Фантастика 1973-1974 - Биленкин Дмитрий Александрович 48 стр.


В этом своеобразие фантастики.

О характере ее влияния хорошо сказал Лев Успенский: “Как передать всю силу воздействия, оказанного Уэллсом на мое формирование как человека; наверное, не одно мое?

Порой я думаю: в Аду двух мировых войн, в Чистилище великих социальных битв нашего века, в двусмысленном Раю его научного и технического прогресса, иной раз напоминающего катастрофу, многие из нас… задохнулись бы, растерялись, сошли бы с рельсов, если бы не этот Поводырь по непредставимому.

…Он не объяснял наш мир - он приготовил нас к его невообразимости. Его Кейворы и Гриффины расчищали далеко впереди путь в наше сознание самым сумасшедшим гипотезам Планка и Бора, Дирака и Гейзенберга.

Его Спящий уже в десятых годах заставил нас сделать выбор: за “людей в черном и синем” против Острога и его цветных карателей… Его алой и морлоки раскрыли нам бездну, зияющую в конце этого пути человечества, и доктор Моро предупредил о том, что будет происходить в отлично оборудованных медицинских “ревирах” Бухенвальда и Дахау.

Что спорить: о том же во всеоружии точных данных науки об обществе говорили нам иные, в сто раз более авторитетные учителя. Но они обращались прежде всего к нашему Разуму, а он… приходил к нам как Художник. Именно поэтому он и смог стать Вергилием для многих смущенных дантиков того огромного Ада, который назывался “началом века”.

Средства фантастики, читаемой и потому массовой, годятся как для расчистки, так и для минирования фарватеров сознания. Это тем более важно помнить, что представления о будущем влияют на ход событий, которые это будущее формируют.

Стоит ли удивляться, что прилавки Оттавы и Тегерана, Мехико и Осло, Токио и Мельбурна завалены англоамериканской фантастикой? И доход, и идеология одновременно. В пору, казалось бы, говорить о полной духовной оккупации читателя. Все, однако, сложней. Можно легко и быстро взрастить тысячи поделок. Нужны безысходные картины грядущих катастроф? Пожалуйста! Розовые идиллии будущего? К вашим услугам! Но долговечность поделки - это долговечность поденки. Без Художника есть видимость литературы, нет самой -литературы; есть видимость воздействия и нет подлинного влияния. Недаром А. В. Луначарский писал, что “мы с нетерпением ждем появления нашего собственного Уэллса…” Оставим, однако, социальную фантастику в покое и вернемся к теме.

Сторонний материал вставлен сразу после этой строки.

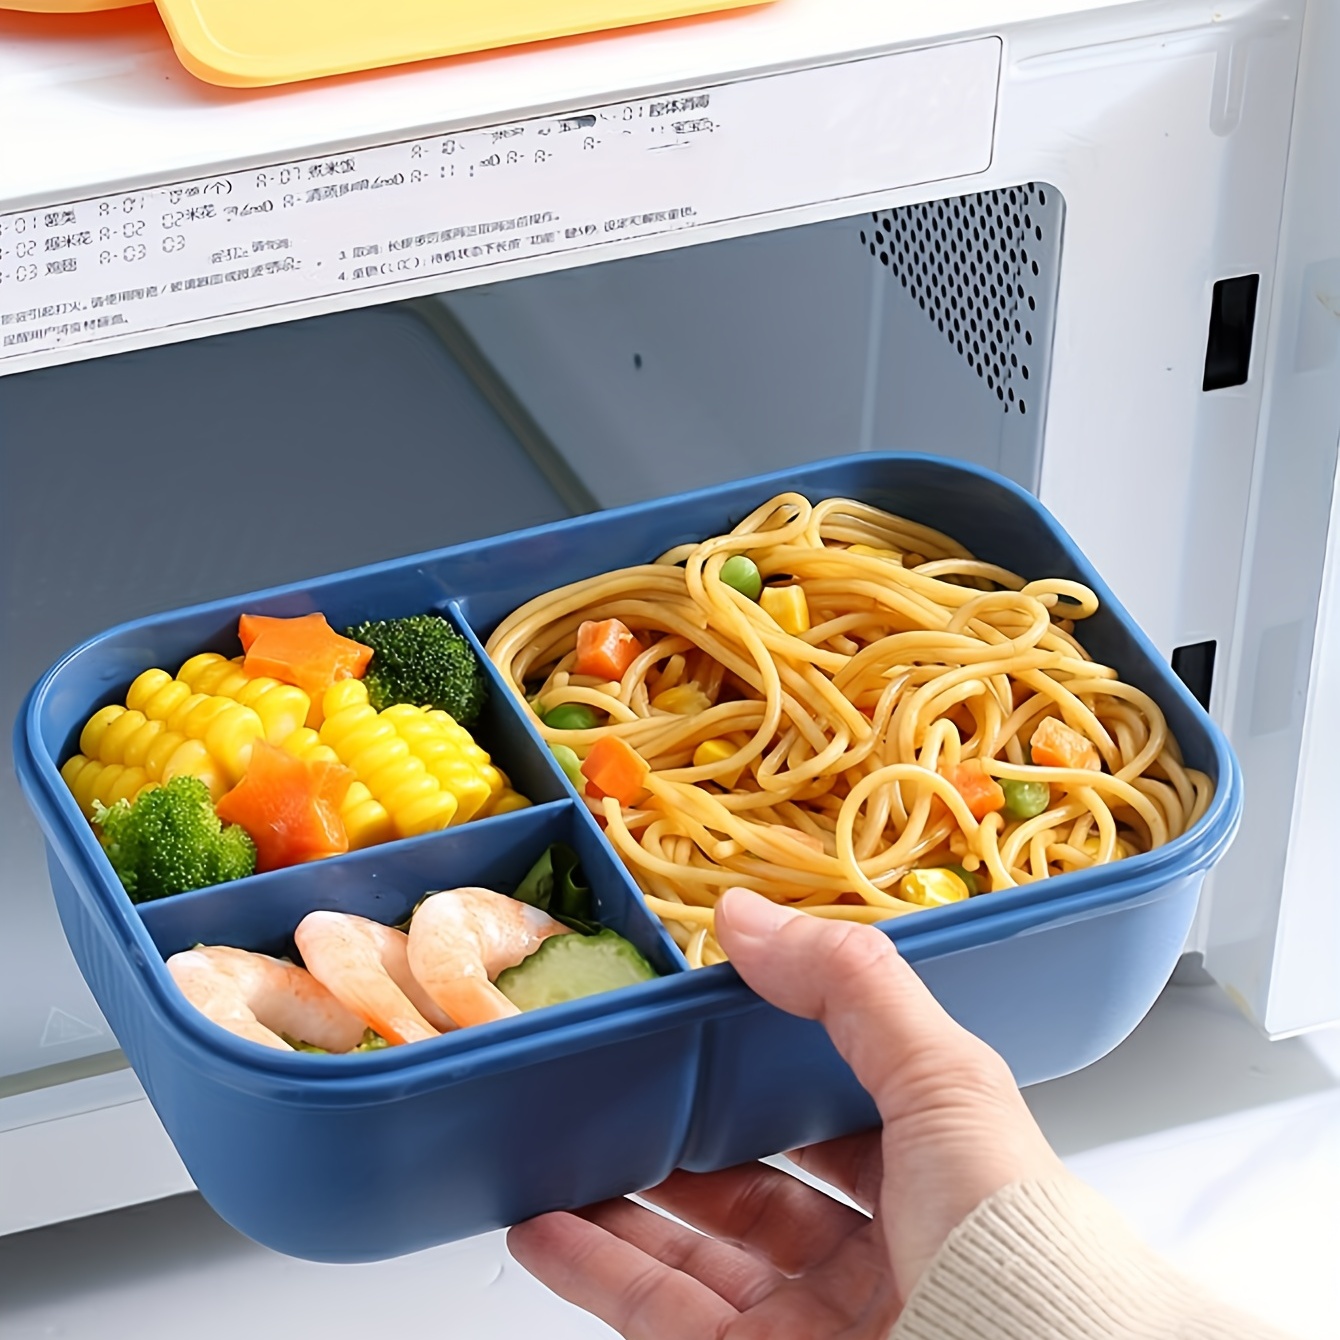 DaCool Kids Bento Box Toddler Lunch Box for Kids 7.5 Cup 4-Compartment  Leakproof with Fork Spoon Sch…See more DaCool Kids Bento Box Toddler Lunch  Box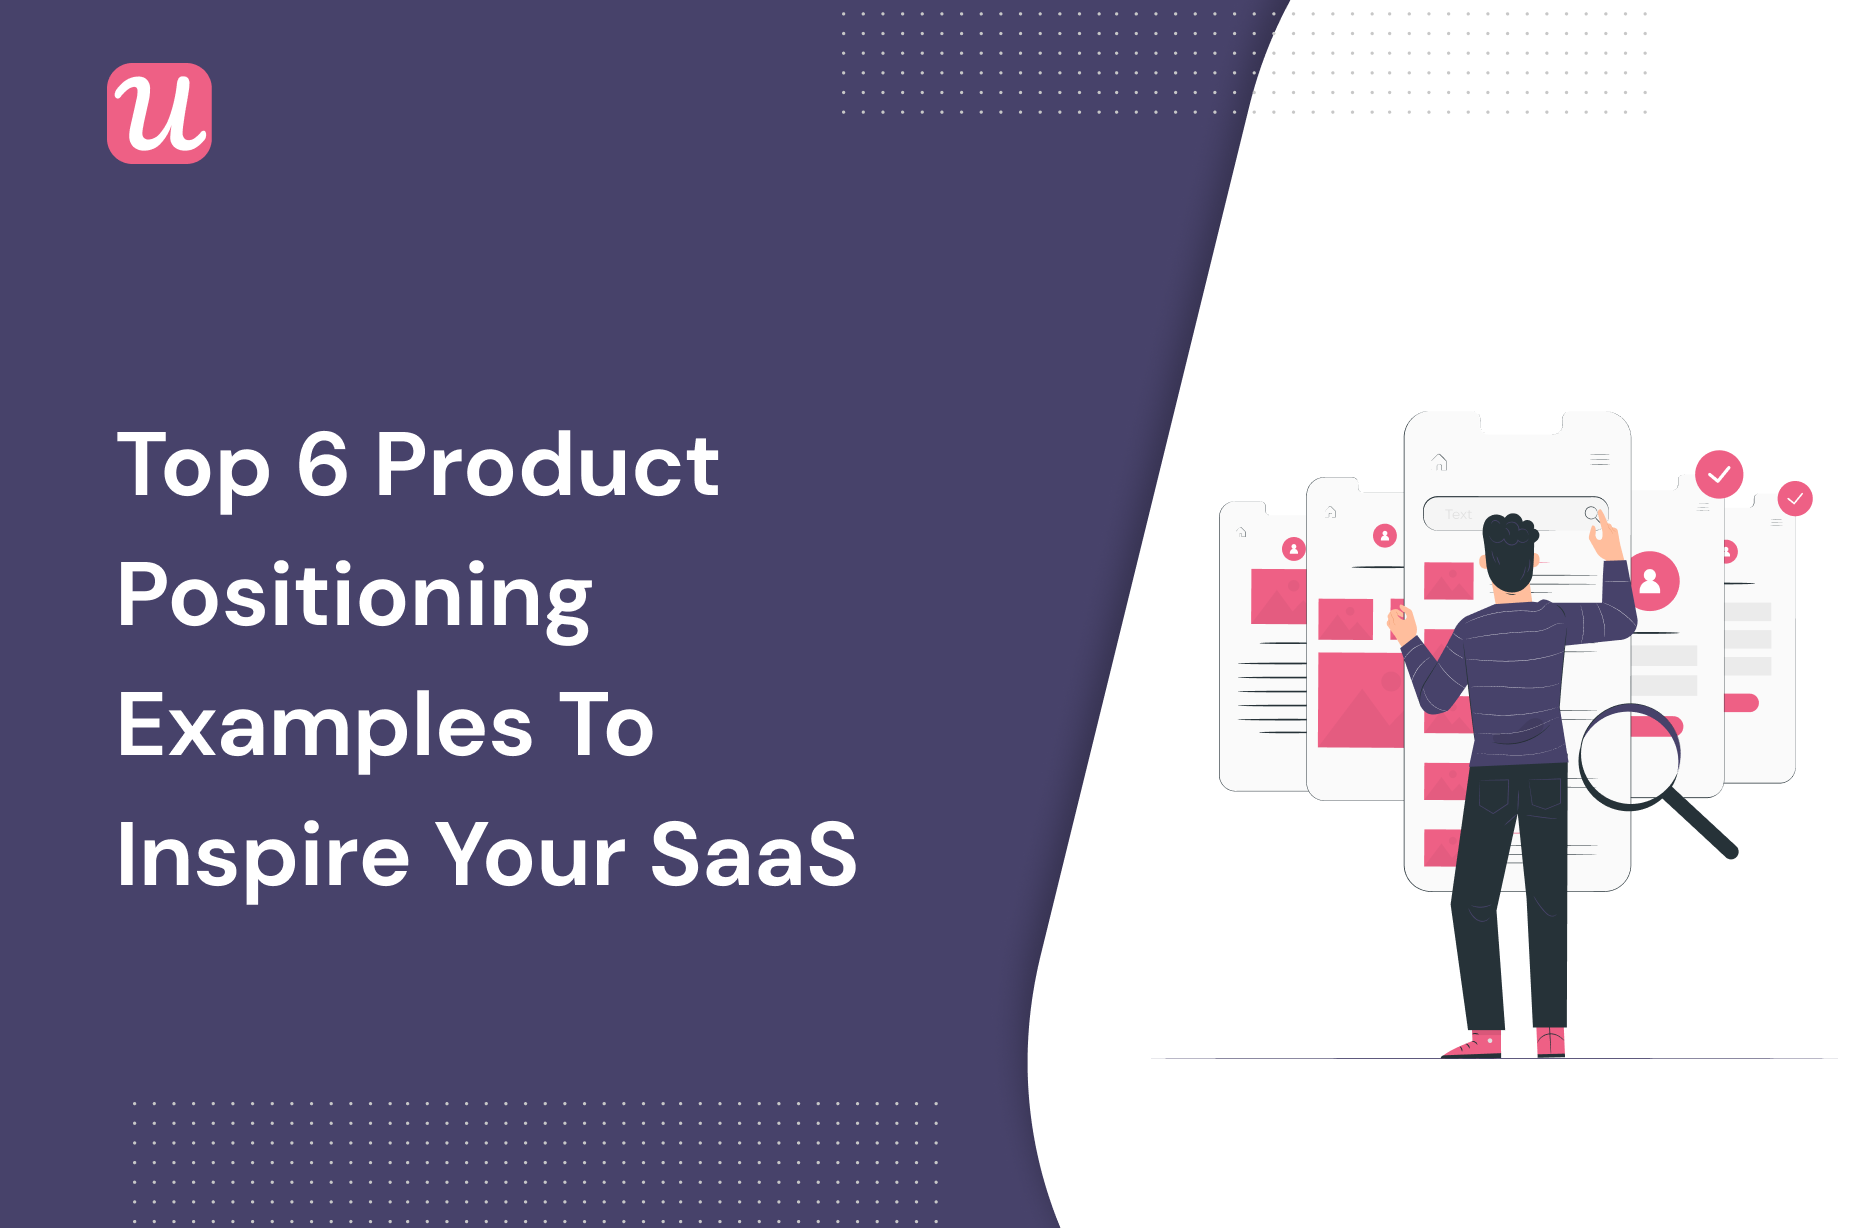 Top 6 Product Positioning Examples to Inspire Your SaaS

Параллельно с фантастикой, которую можно назвать научной, существует и развивается просто фантастика.

Условная, романтическая, сказочная - определить ее трудно, поскольку самая что ни на есть сказочная фантастика все-таки не сказка, одно с другим спутать трудно.

“Фэнтези”, “фантазия” - такое общее определение годится, пожалуй, лучше всего. Мы уже исследовали некоторые грани взаимовлияния научно-технического прогресса и фантастики. Но это исследование, пожалуй, относилось исключительно к фантастике научной. А ею не исчерпывается и не определяется облик современной фантастики. Значит ли это, что “фантазии” никак не смыкаются с научно-техническим прогрессом?

В газетных выступлениях ученых все чаше мелькает соображение важности для научного работника такого качества, как творческое воображение. Наконец, в “Литературной газете” была поставлена точка над “и”.

Выступивший в ней ученый прямо и недвусмысленно сказал, что воображение сейчас важней, чем знания.

Мысль не столь уж обычная.

Как так?

В перечне человеческих достоинств воображение всегда занимало скромное место. Логика? Бесспорно! Знания? Конечно! Воображение? А кто его знает, хорошо это или плохо…

“Да он у нас фантазер” - чего больше в такого рода сентенциях - хвалы или осуждения? И с чего бы это вдруг в наш век точности и рационализма заговорили о важности воображения? Да еще представители естественных и технических наук?

Чтобы уяснить причину, изобразим такую сцену. Аудитория, сидят люди.

– Дымное окно! - говорит один.

– Ледяное пламя! - вторит ему другой.

Собрание сумасшедших? Вовсе нет. Просто учеба. Слушатели - трезвейшие люди: инженеры, конструкторы, научные сотрудники солидной фирмы. Идет занятие по методу синектики - методу развития изобретательских способностей.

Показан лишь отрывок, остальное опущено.